Experiments in Study

The AI Anarchies Autumn School

Curated by Maya Indira Ganesh and Nora N. Khan

The transdisciplinary Autumn School AI Anarchies brings together global communities of artists, scholars, cultural producers and culture hackers, technologists, and activists. It will focus on creating new modes of feeling, thinking and relating to the topic of AI Ethics. Through talks, performances, screenings, and participatory workshops, attendees will be asked to contribute to collective discussion about AI technologies and the social, cultural, and political realities they emerge from and shape.

The AI Anarchies Autumn School takes place from 13th to 20th of October 2022 at Akademie der Künste, Berlin, Hanseatenweg 10 and is curated by Maya Indira Ganesh and Nora N. Khan. It is part of the AI Anarchies project by the JUNGE AKADEMIE that also includes an artist residency program for six artists, which have been invited via an open call, and a concluding exhibition in June, 2023 at the Akademie. AI Anarchies is supported by the German Federal Commissioner for Culture and the Media

Curatorial Frame

In their book The Classroom is Burning, Let’s Dream about a School of Improper Education (2020), the Kunci Study Forum & Collective from Yogyakarta, Indonesia, write of their interpretation of study, a concept theorized by Fred Moten and Stefano Harney. They deploy study through improper speculative research. They think together in the classroom to create a forum for social change. Inspired by their vision and practice, the AI Anarchies Autumn School hopes to channel their spirit of “improper learning” to the consideration of AI.
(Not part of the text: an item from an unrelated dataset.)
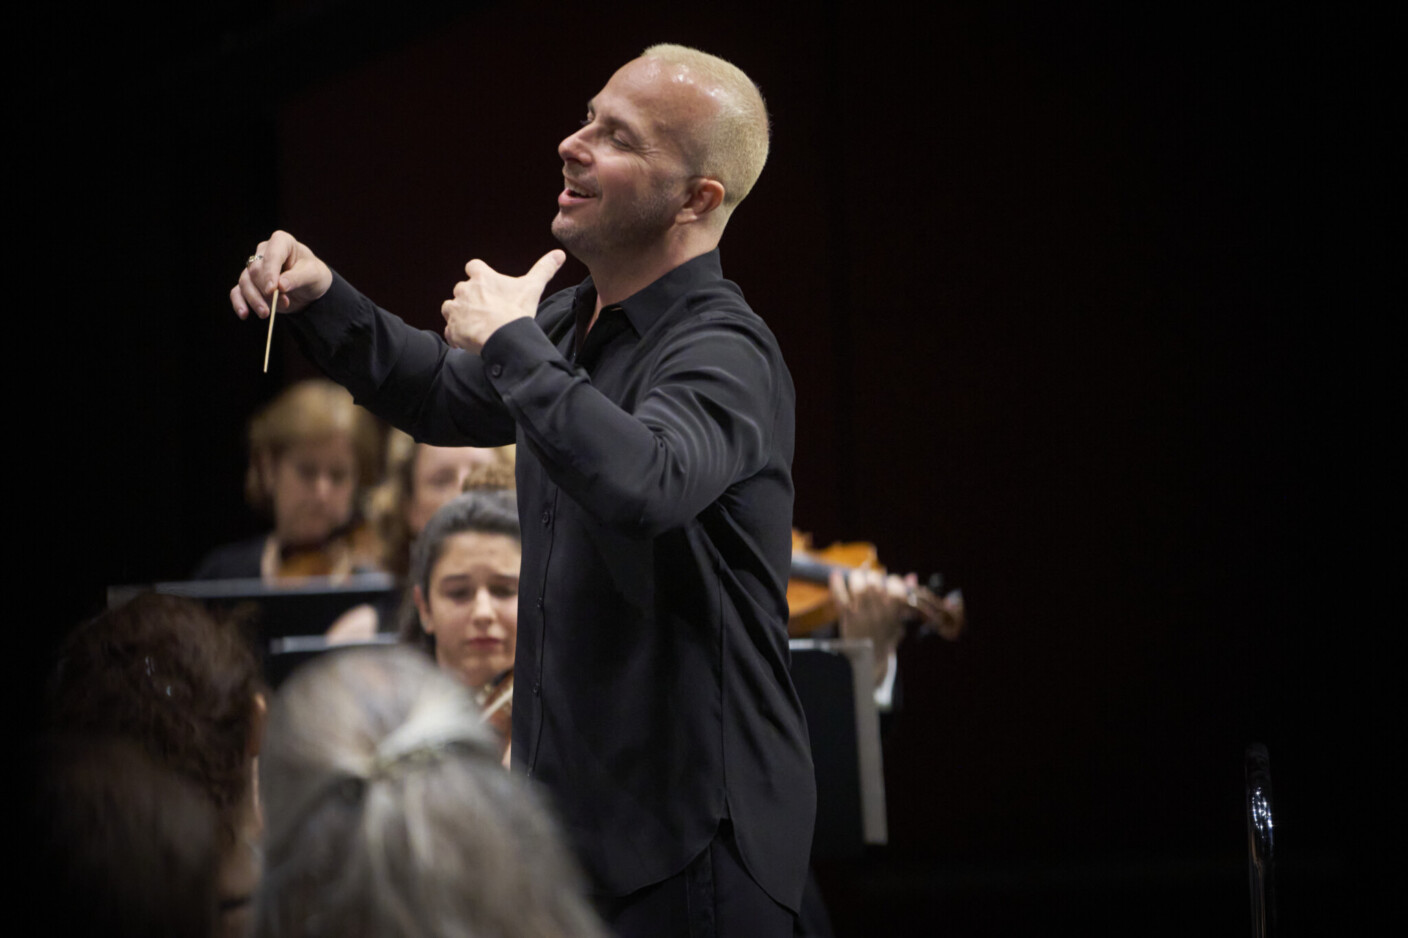 Yannick Nézet-Séguin ist in den Baden-Baden als Dirigent und Pianist zu erleben

We first take up AI Ethics as a catalyst for such study. For all the big dreams of what AI could have been, human relations abstracted through AI remain awfully small. We know this from how easy it is to confuse a driverless test car, or when hate speech and dog whistles remain blithely undetected by natural language processing models. AI Ethics can feel like Big Tech’s half hearted promise to self-regulate, while maintaining the steady course into a future it has designed. All the while, machine learning systems are nurtured to scale. Correcting AI’s harms has become a mantra, a drum to beat publicly; the work of correction is taken up, predictably, by the communities of people most likely to be affected. We’re nudged to choose, read, and consume as strongly suggested. Our intellectual and cultural labor are extracted by them with ease. We live in a mirrored funhouse, cannibalized by and feasting upon our own preferences.
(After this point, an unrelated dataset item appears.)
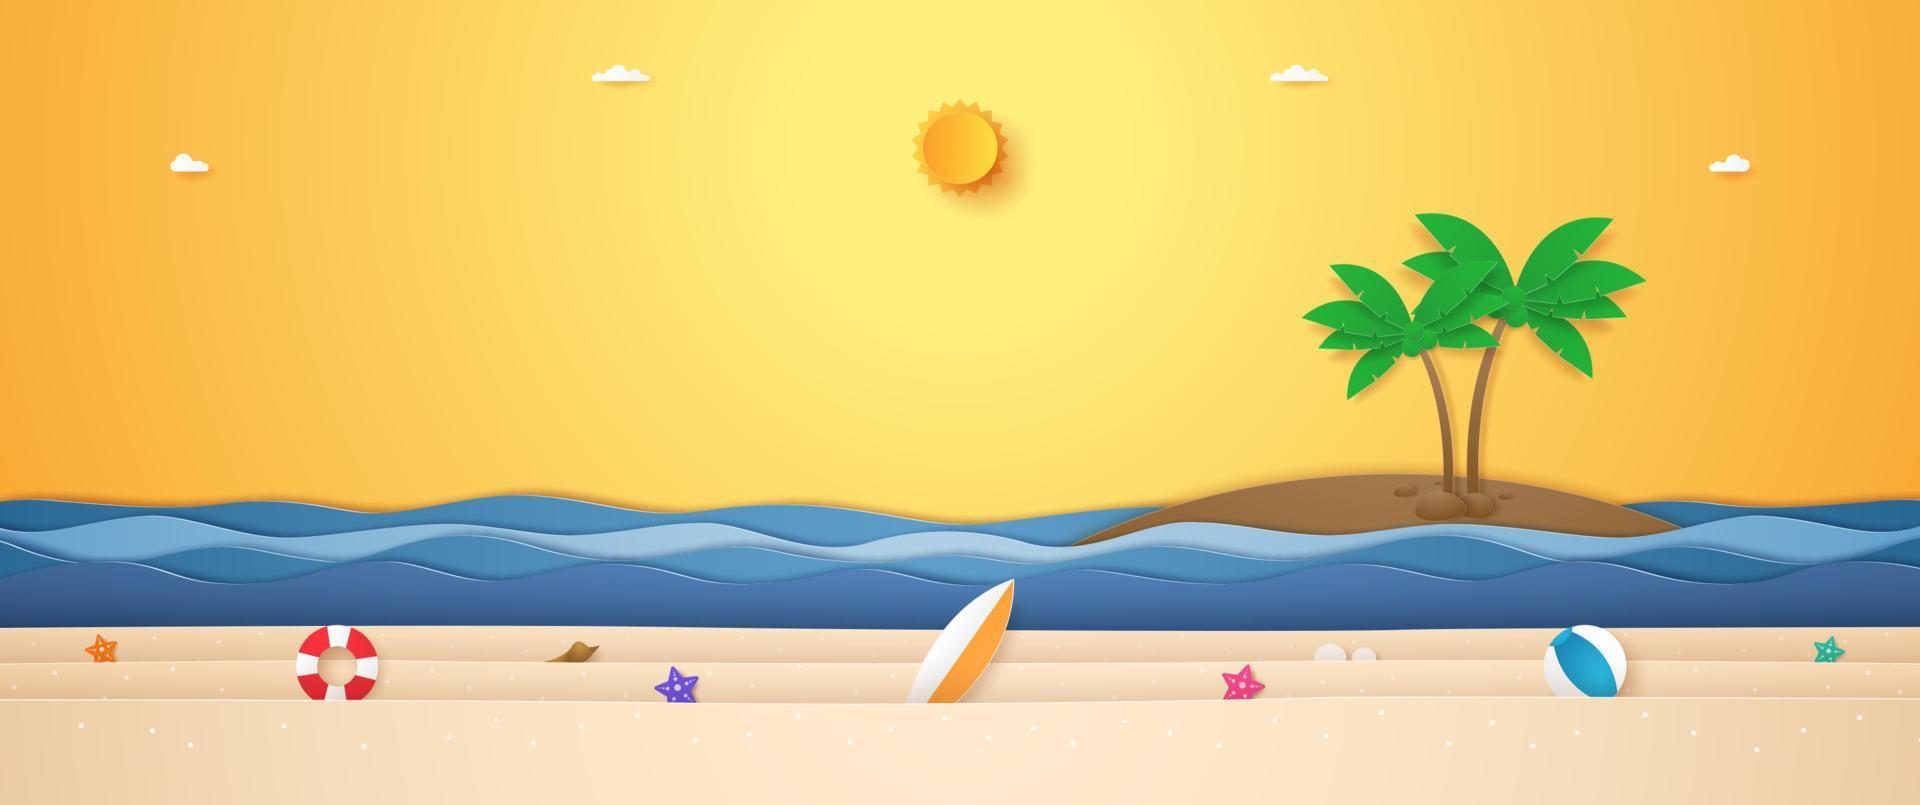 paesaggio di albero di cocco sull'isola, mare ondulato e roba estiva sulla spiaggia con sole splendente nel cielo soleggiato per l'estate in stile arte cartacea vettore

In this context, “Ethics in AI” means a correcting course for human action, narrowly conceived and steadily bent toward the fulfillment of computational tasks. We’re managed down into a relation with small, engineered, machine worlds, abstracted from the mess of our lived reality and ethics. We know – from the arts, from philosophy – that ethics is a relationship, and politics a manifestation of those relationships in multiple forms. No one person, discipline, or community alone can speak to “ethics” – and there are no ethics without a situation in place, time, and body. The site of ethics is not only in the individual. Ethics is a matter of relation to others, and negotiating that relation, that bond, that connection, to people beyond oneself.

Even as the world turns and burns, resistance and refusal of past, present, and future hegemonies flower. Even as global, planetary crises unfold through legacies of state, industrial, and algorithmic hegemonies, there is still space for delight and intellectual joy. Our collective and personal selves are constituted through and riven by digital logics, sitting atop long histories of violence. We still try to explore what it might mean to live ethically with technology now. We still make art, write and think in a world commandeered by technological design.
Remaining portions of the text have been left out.